= Process network synthesis =

Process network synthesis (PNS) is a method to represent a process structure in a 'directed bipartite graph'. Process network synthesis uses the P-graph method to create a process structure. The scientific aim of this method is to find optimum structures.

Process network synthesis uses a bipartite graph method P-graph and employs combinatorial rules to find all feasible network solutions (maximum structure) and links raw materials to desired products related to the given problem. With a branch and bound optimisation routine and by defining the target value an optimum structure can be generated that optimises a chosen target function.

Process Network Synthesis was originally developed to solve chemical process engineering processes. Target value as well as the structure can be changed depending on the field of application. Thus many more fields of application followed.

==Applications==
At Pannon University software the tools PNS Editor and PNS Studio were programmed to generate maximum structure of processes. This software includes the p-graph method and MSG, SSG and ABB branch and bound algorithms to detect optimum structures within the maximum available process flows.

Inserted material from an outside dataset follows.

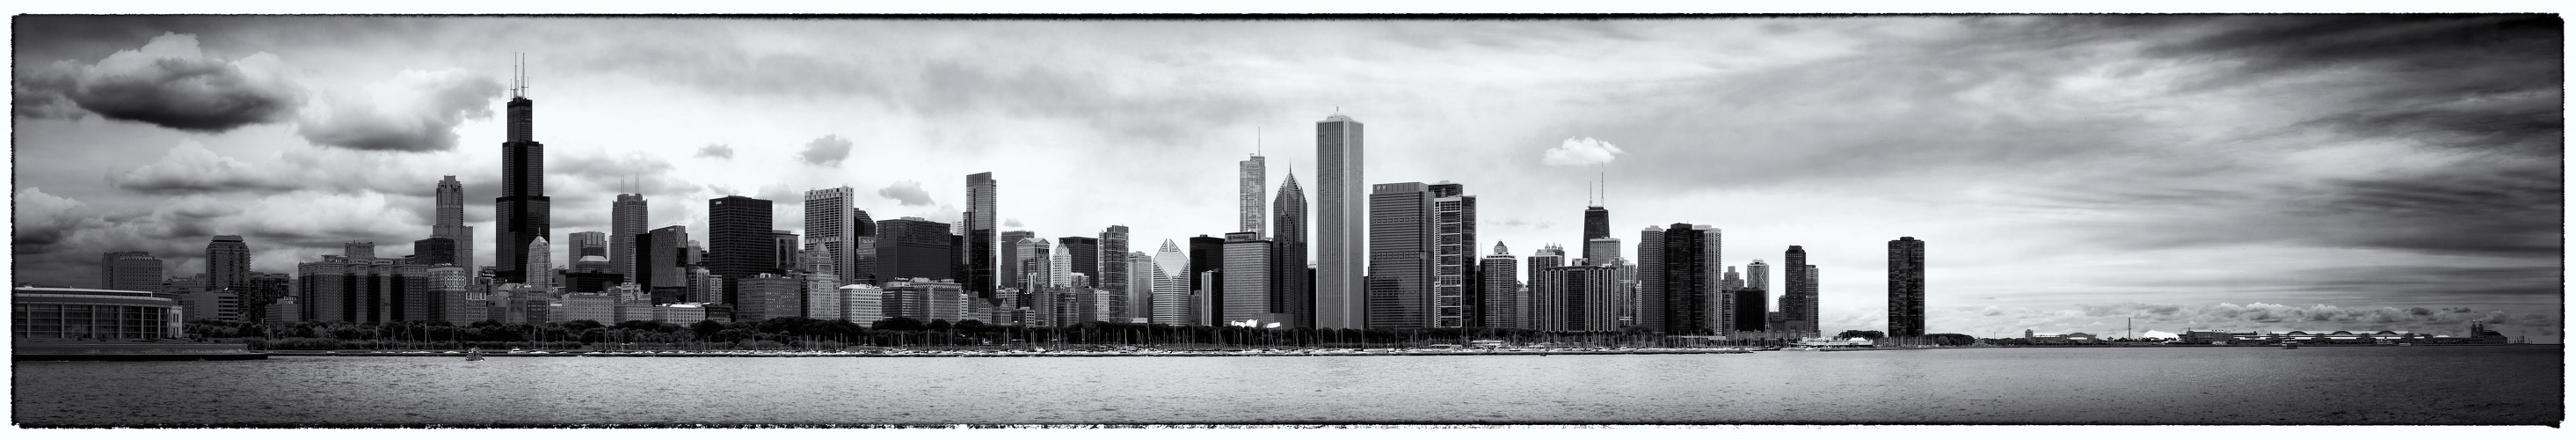 Chicago's New Skyline

PNS is used in different applications where it can be used to find optimum process structures like:
- Process engineering: Chemical process designs and the Synthesis of chemical processes is applied in different case studies.
- Optimum energy technology networks for regional and urban energy systems: In case of regional and urban energy planning the financially most feasible solution for resource systems is selected as target value. With this setting material- and energy flows, energy demand and cost of technologies are considered and the optimum technology network can be found. Simultaneously the robustness of technologies due to price changes and limitations in resource availability can be identified.
- Evacuation routes in buildings: The aim is to find optimal routes to evacuate buildings depending on specific side parameters.
- Transportation routes: In this research area transportation routes with minimum cost and lowest environmental impact can be identified.